Yukon Blonde Let Loose

BY Ian GormelyPublished Mar 25, 2012

Yukon Blonde's self-titled debut finally brought its members the kind of success they'd craved after years of slogging it out on the Canadian indie scene. Yet when it came time to pen what would become sophomore follow-up Tiger Talk, the Vancouver-based group wanted to do anything but repeat the easy-breezy vibe of their debut. "We had a bunch of songs that sounded like the older stuff," says singer-guitarist Jeff Innes, "but we already made that record."

Instead the group adopted a "do whatever we want" attitude that found them drawing inspiration from some unlikely sources. Innes had been working on a side project he'd jokingly dubbed Fucking Tigers. "It was this really weird, electro, punk-y Ramones-y kind of stuff," he says. "When I was showing the demos of what I'd done and then the stuff that I intended to be for Yukon Blonde, the band was like, 'Well wait, what's this stuff?'"

Innes, along with singer-guitarist Brandon Scott, drummer Graham Jones and bass player John Jeffrey, set to work translating their favourite tracks from the Fucking Tigers demos into something more in line with Yukon Blonde's '70s rock wheelhouse. "They were weird," admits Innes. "Everything was synthesizers and drum machines, so that was really fun to try and figure that out on guitars."

Combining the Fucking Tigers material with songs dating back to sessions for their self-titled record, the quartet hooked up with Colin Stewart, with whom Innes, Scott and Jones worked when they were in previous band Alphababy, to lay down the new album at the Hive studios in Vancouver. The tracks Innes had originally pegged for the band ended up as last year's Fire//Water EP. "Those were the kind of Yukon Blonde songs that were typically Yukon Blonde," he says. "We ended up recording them because we thought they were great songs, but they didn't really work out for the record."

Indulging their love for analog, Yukon Blonde was recorded live off the floor to tape. But the experience proved frustrating. "There were timing issues," recalls Innes. "We didn't use a metronome, we didn't use anything. We kind of set up and played like we were practicing. So there were things on it that were driving us crazy. After we were done recording everything, we got drunk in the studio and we could hear all the tempo changes, everything was too slow or too fast. We were so bummed out."

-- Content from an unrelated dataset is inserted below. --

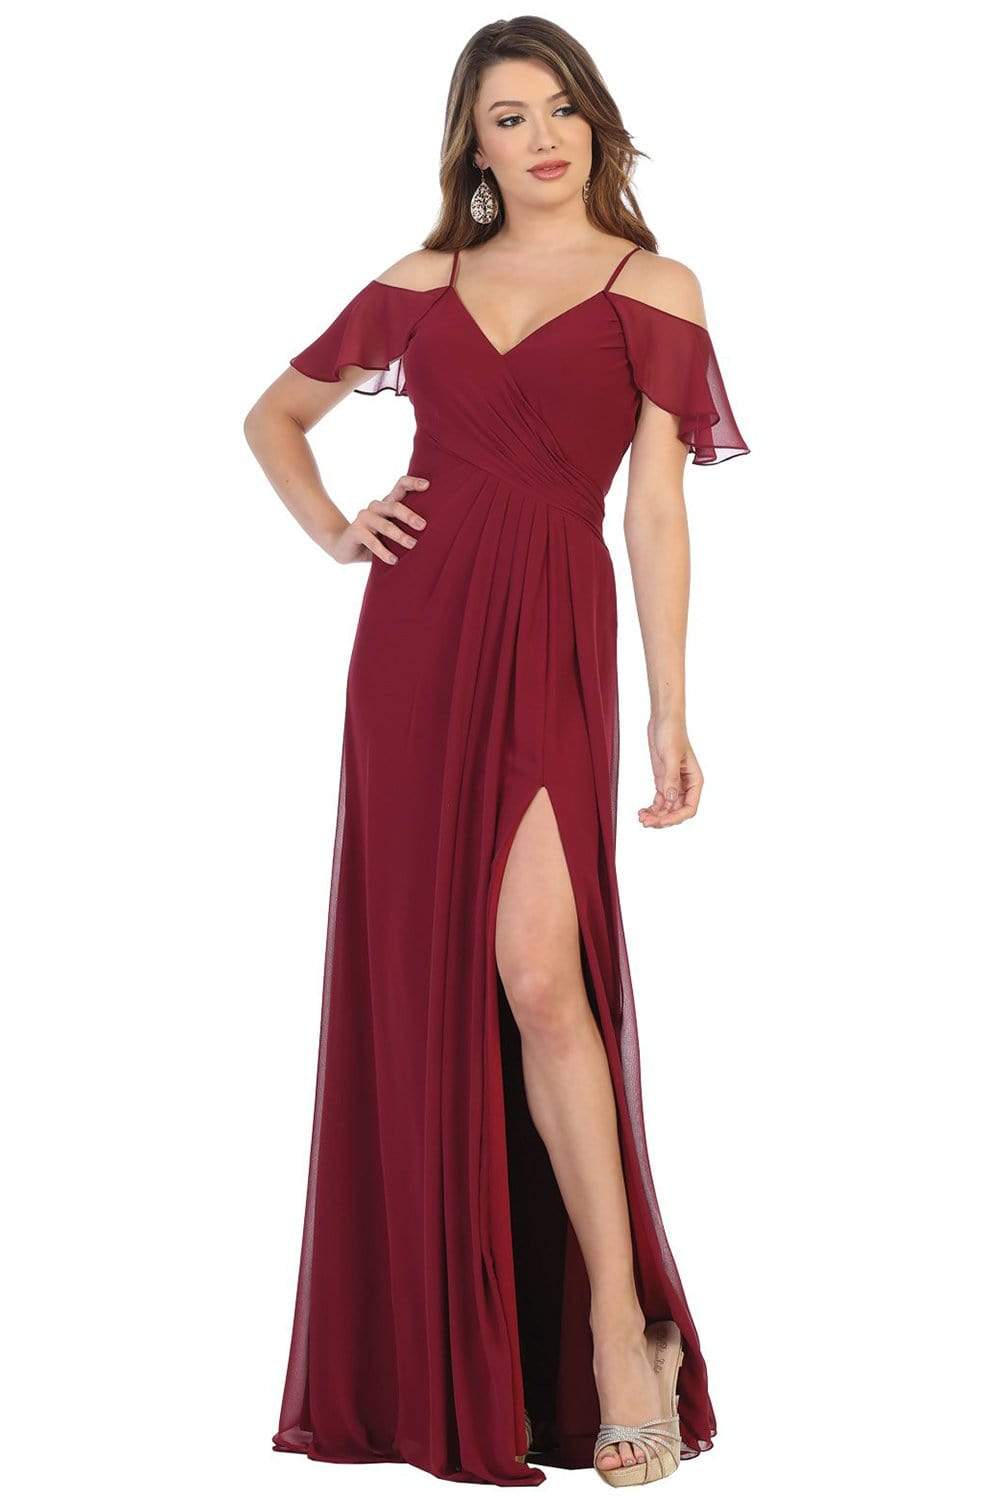 May Queen - MQ1732 Flounced Cold Shoulder Formal Chiffon Dress Formal Gowns 4 / Burgundy
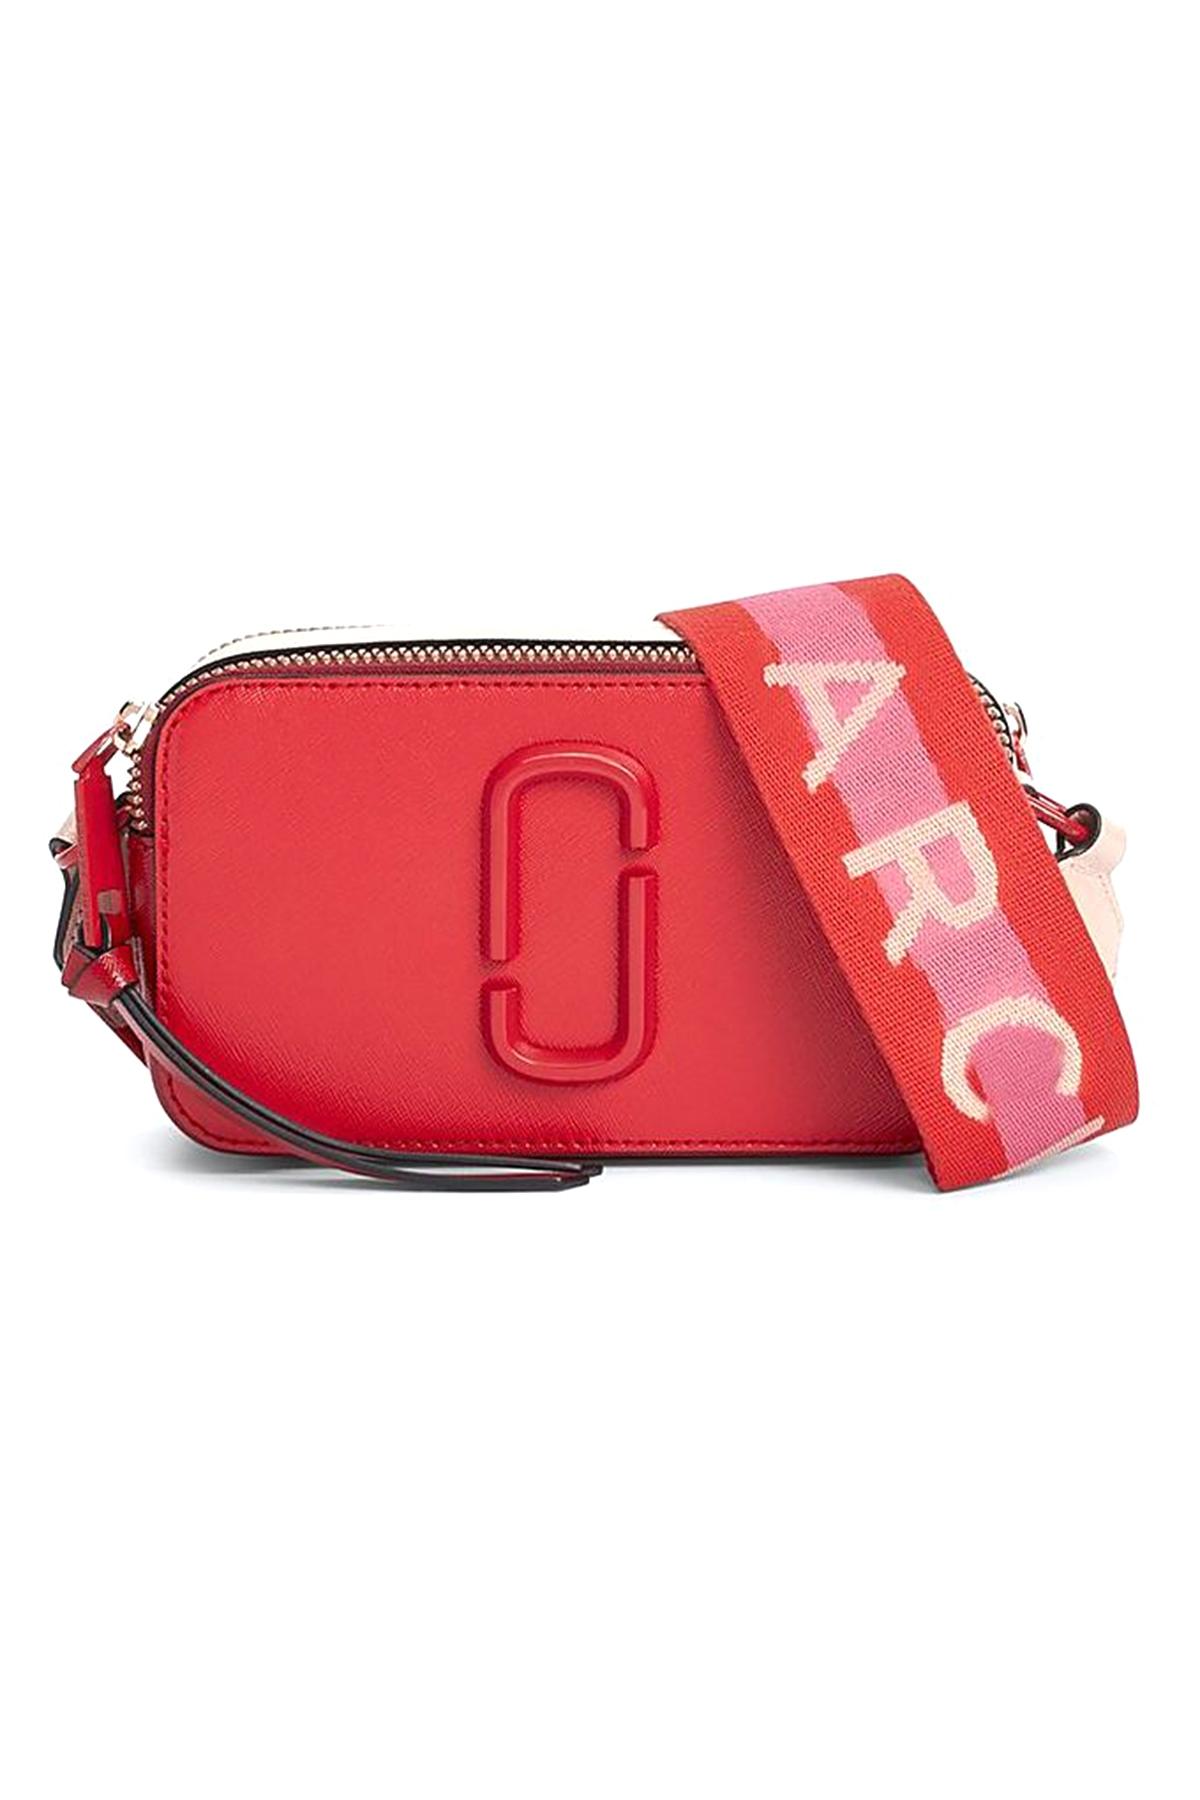 Marc Jacobs Leather Snapshot Dtm Bag In Poppy Red Multi - Lyst

Consequently, the band "went multi-tracking crazy" this time. "It was fun as opposed to the set-in-stone nature that tape has," Innes says. The relative ease of the recording process reinvigorated the group's relationship with the studio, to the point at where they're already looking to go back in and work on stuff written since Tiger Talk was completed. "We have some new songs and we don't know what the hell they are," he says. But it's fun. We're rolling with the punches right now."